Bubble entrapment and displacement through packed-bed reactors

Understanding the physics of gas-liquid flows through porous media, such as packed-bed reactors (PBRs), in microgravity is essential for air and water recovery in advanced life support systems. Recently, experiments at the International Space Station showed that only bubble and pulse flow regimes are to be expected under microgravity conditions. Toward understanding the bubble flow regime physics in the latter experiments, we develop a computational fluid dynamics framework based on interface-resolved simulations of the flow through representative volume elements. Using this framework, we simulate bubble dynamics through PBRs with different packing-diameter-dependent Weber numbers and under different gravity conditions. The simulations uncover various pore-scale hydrodynamic mechanisms in this bubble flow regime, such as capillary entrapment of a bubble, buoyancy entrapment of a bubble, and inertia-induced displacement of a bubble.

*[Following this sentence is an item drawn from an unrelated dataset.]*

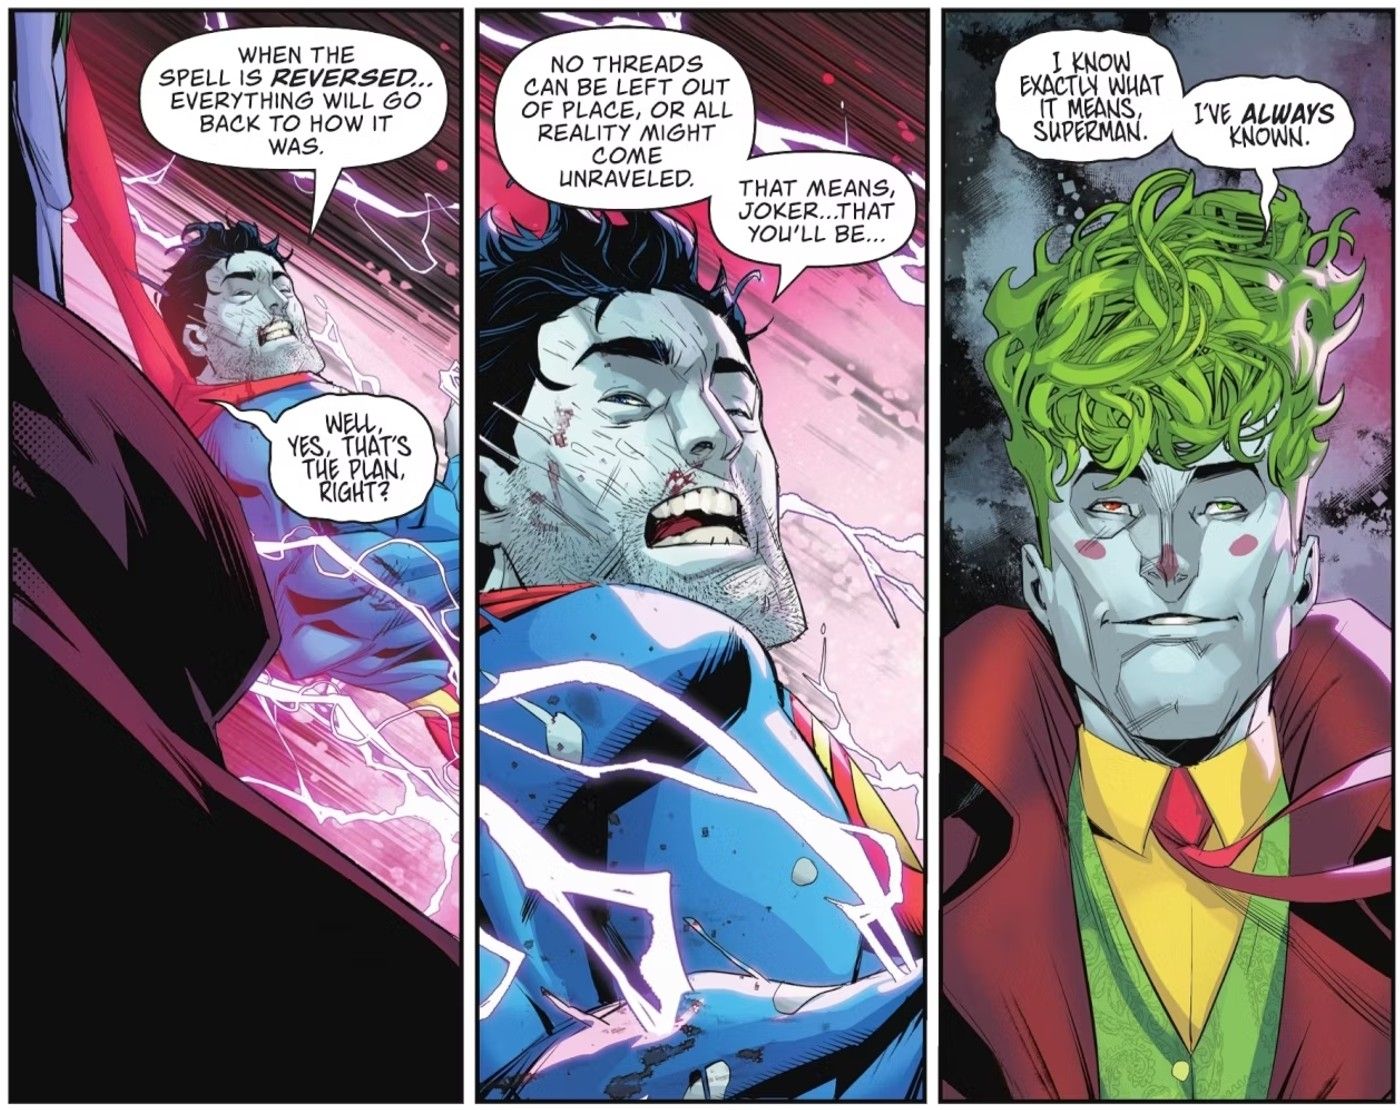 Comic book panels: a Bizarro-infected Superman talks with Bizarro Joker.

We rationalize the results by introducing a dynamic length scale, based on the gas-liquid interfacial area computed from the simulations and the initial bubble diameter. Using this length scale, we quantify the dynamic trade-offs between the inertia, capillary, and buoyancy forces on a bubble passing through a PBR. In doing so, our pore-scale resolved simulations and modeling reveal the conditions for and mechanisms behind bubble entrapment and displacement in porous media.